Элла крепко обнял меня, притиснув лицом к воротнику пышного мехового плаща.
– Долго ли твоей матери осталось жить? – спросил он.
– Недолго, о король.
– Похорони ее ногами к северу, – наказал он. – Таков обычай нашего народа. – И Элла обнял меня в последний раз. – Домой ты вернешься благополучно – я пошлю людей тебя проводить, – пообещал он и отступил на шаг. – Чтобы потолковать с мертвыми, – добавил он грубовато, – надо трижды обойти вокруг камня и преклонить колена у дыры. Скажи моей внучке, я ее целую. – Элла улыбнулся, очень довольный, что застал меня врасплох столь глубокими познаниями сокровенных подробностей моей жизни, затем развернулся и зашагал прочь.
Эскорт ждал и наблюдал. Я трижды обошел вокруг камня, опустился на колени и наклонился к дыре. Мне внезапно захотелось разрыдаться, срывающимся голосом я произнес имя дочери.

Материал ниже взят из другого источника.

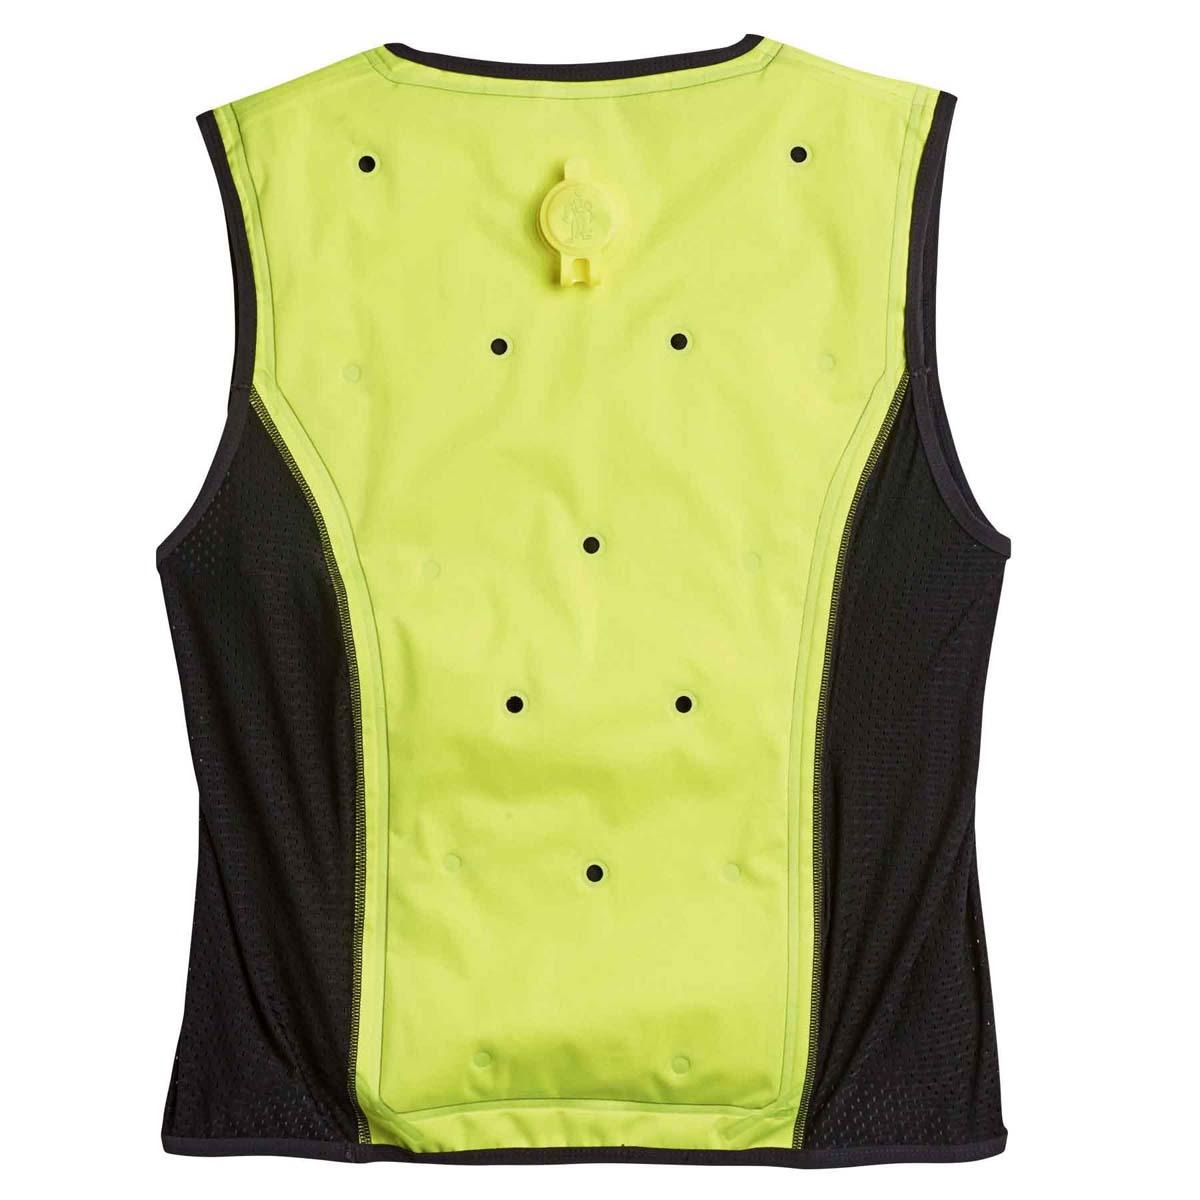 6685 3XL Lime Dry Evaporative Cooling Vest

– Диан? – прошептал я в самое сердце камня. – Диан, радость моя? Ты подожди нас, милая, мы придем к тебе, Диан. – Моя погибшая доченька, моя красавица Диан, жестоко убитая прихвостнями Ланселота. Я сказал ей, мы ее любим. Я передал ей поцелуй Эллы. А затем прижался лбом к холодному камню и представил себе ее крохотную тень – одну-одинешеньку в Ином мире. Правда, Мерлин рассказывал нам, будто в мире смерти дети весело играют под яблонями Аннуина, но я все равно не сдержал слез, вообразив, как она внезапно услыхала мой голос. Подняла ли она взгляд? Плакала ли она – как я?
Я уехал прочь. Обратный путь до Дун-Карика занял три дня, и я отдал Кайнвин золотое колечко. Ей всегда нравились простенькие вещицы, и перстенек подошел ей куда лучше замысловатых римских драгоценностей. Кайнвин носила кольцо на мизинце правой руки: ни на какой другой палец оно не лезло.
– Не думаю, впрочем, что перстень спасет мне жизнь, – удрученно заметила она.
– Почему нет? – не понял я.
Кайнвин улыбнулась, залюбовавшись подарком.
– Какой сакс станет приглядываться к какому-то там колечку? Сперва насилуй, затем грабь, разве не такова заповедь копейщика?
– Когда саксы придут, тебя здесь не будет, – отрезал я. – Тебе придется вернуться в Повис.
Кайнвин покачала головой.
– Я останусь. Я не могу убегать к брату всякий раз, когда приключаются неприятности.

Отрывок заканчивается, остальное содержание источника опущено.